Auditors are often in a position to recommend these more complex requirements. One of the serious problems facing both external and internal auditiors is the knowledge gap between the computer technician and the auditor. The independence of auditors has been compromised because, in many instances, they no longer have direct access to data. This reliance places auditors in the unfortunate position of trusting individuals who could deceive them.
Some long-term solutions to this problem are to provide auditors with specialized technical training, refine available auditing tools, develop new techniques, and design systems that are more auditable.
Another approach to computer systems security is the formal establishment of computer security officers within organizations. These new specialists plan, develop, and oversee the operation of computer systems security and privacy controls.
Underlying all approaches to computer security and privacy, not just those mentioned here, is management policymaking. Management needs to set and and enforce policies on accepted ways in which employees and others can use organizational computing resources, proper ways to handle sensitive information, and corrct behavior relative to and organizational code of ethics. Policies should clearly define those circumstances under which employees are to be prosecuted, dismissed, or reprimanded for unacceptable behavior.
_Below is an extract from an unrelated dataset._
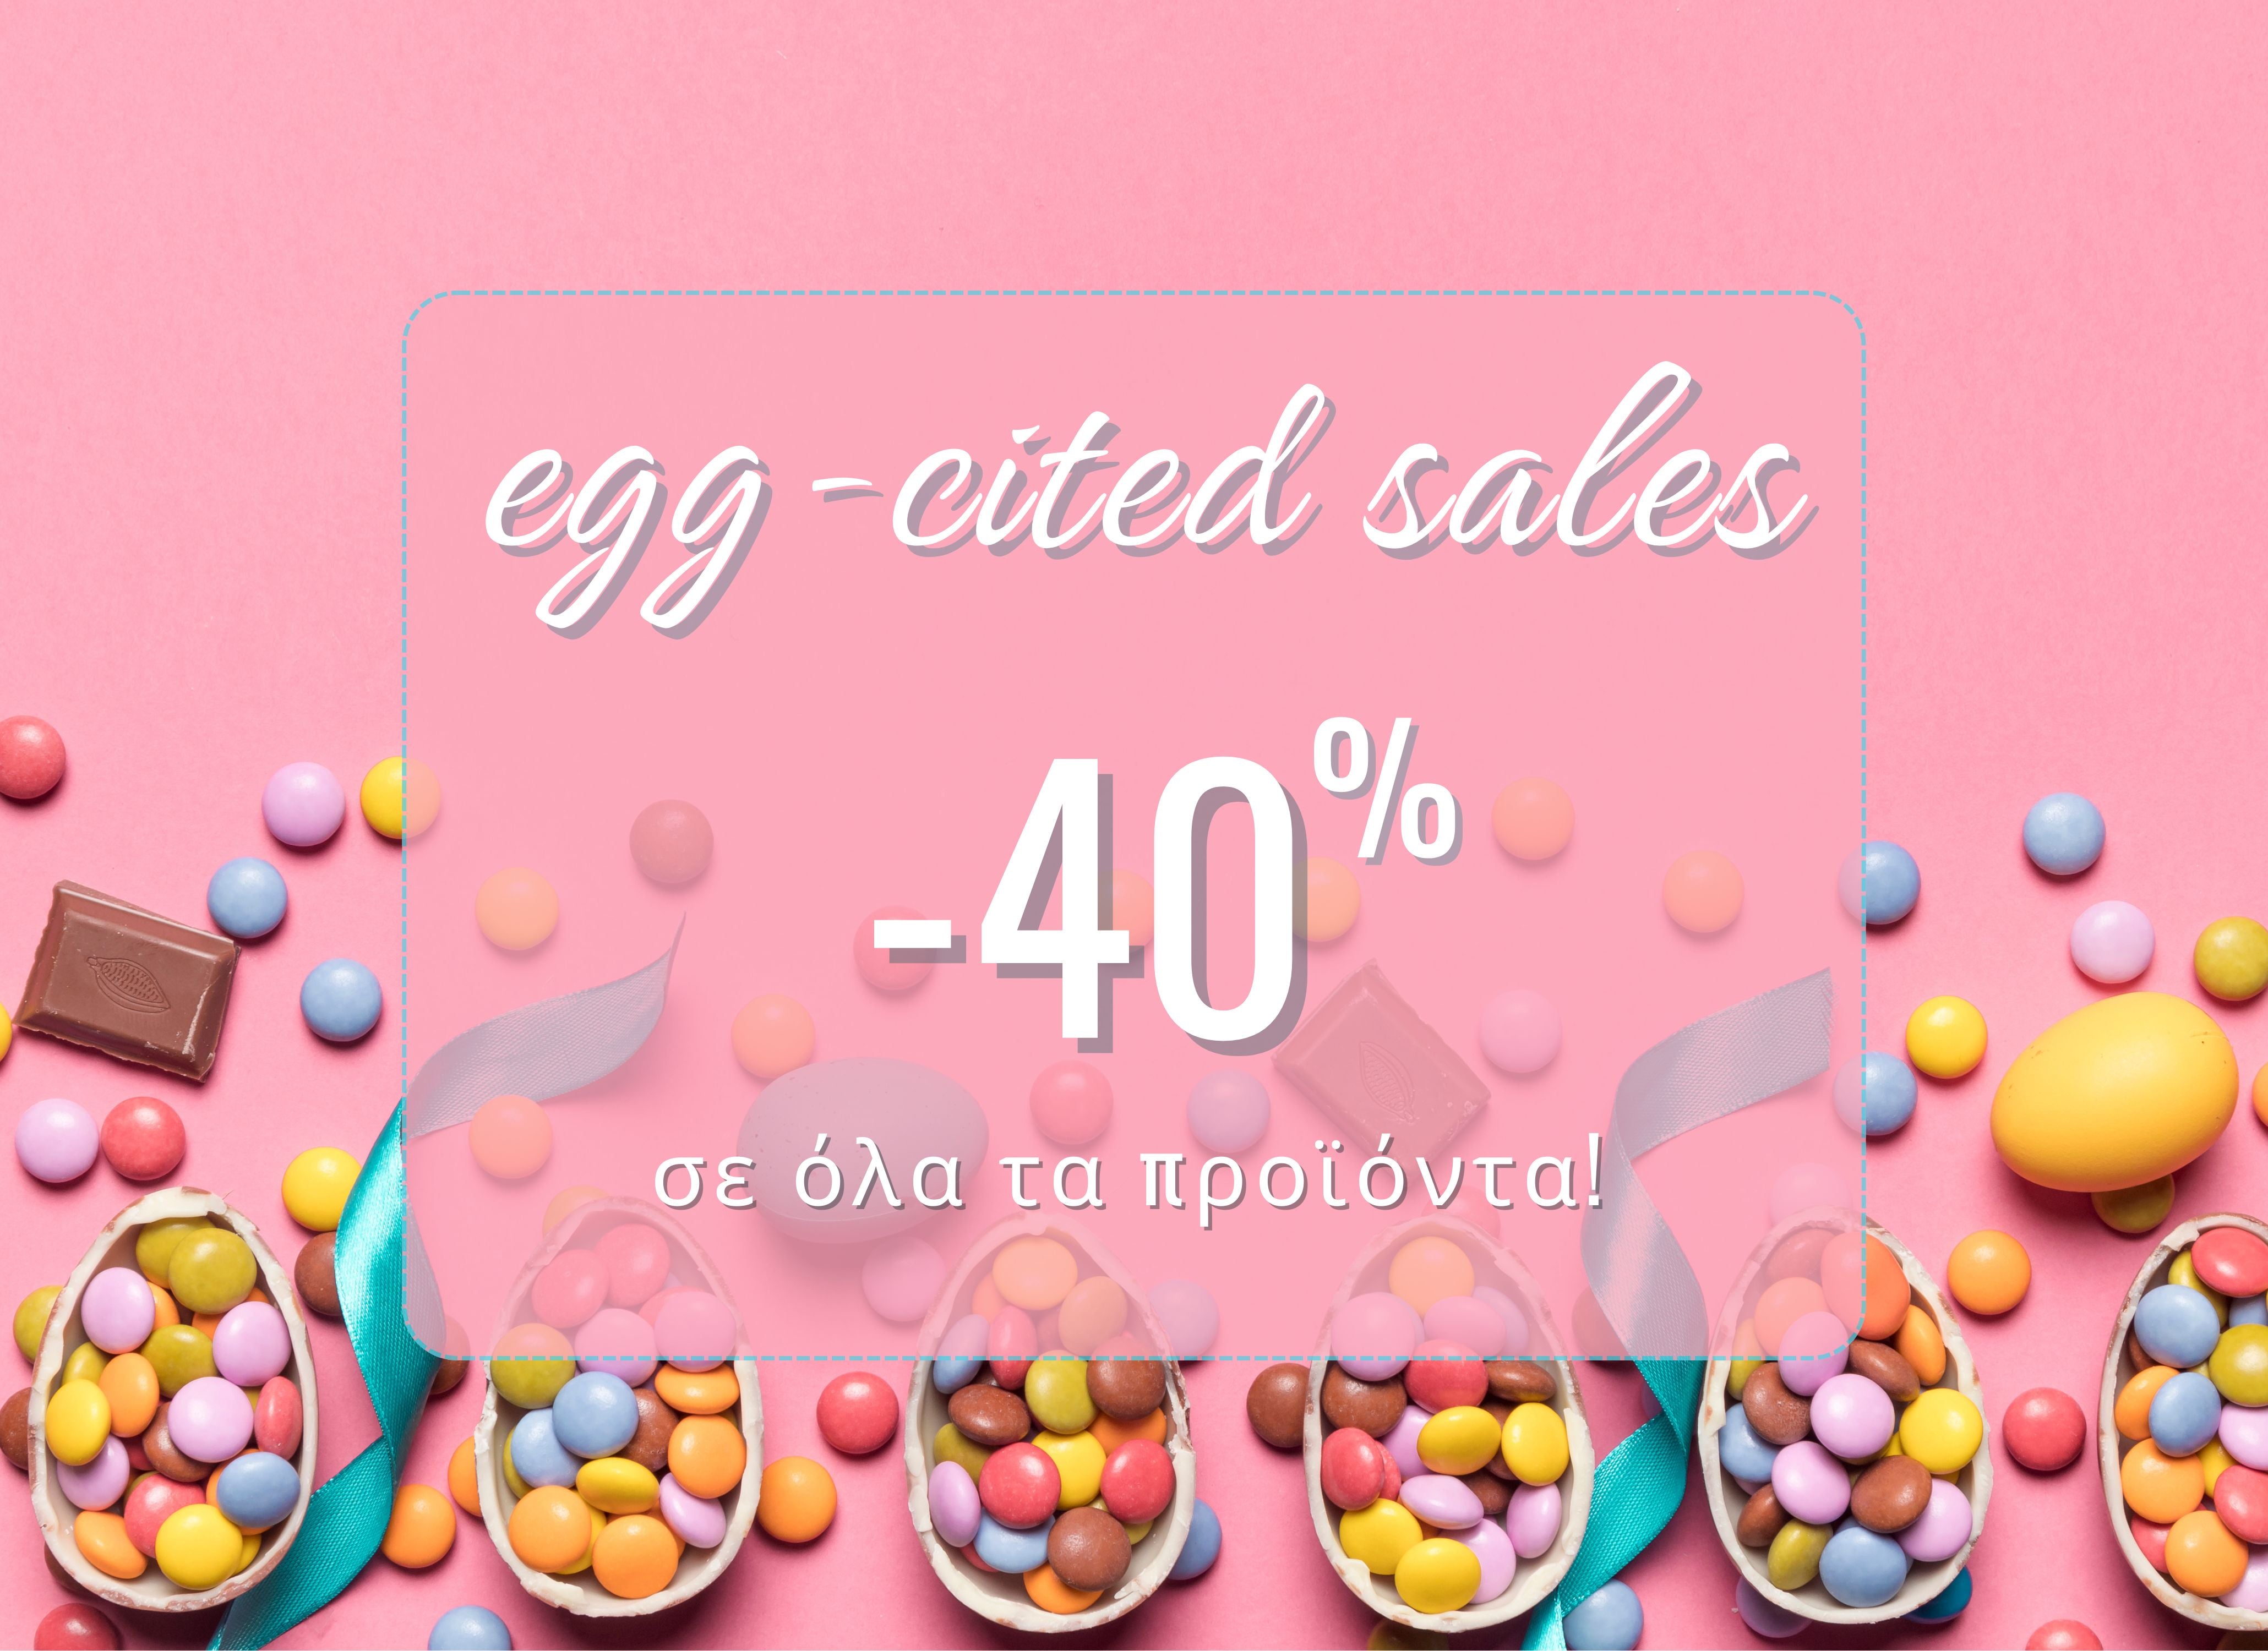 Claresa-Egg-cited-sales-40-01.jpg

While the risk of computer-related abuses appears to be growing rapidly, there is a greater potential for security and protection of privacy when information is computerized than when it is handled manually. Similarly, errors and omissions can be reduced considerably when record-keeping is done with computers. The great power and versatility of computers can be used in the establishment and consistent enforcement of controls that may not be cost-effective or even possible in a manual recordkeeping environment. Hopefully, further research in the very near future will develop satisfactory controls . . . before losses grow to inordinate pr oportions.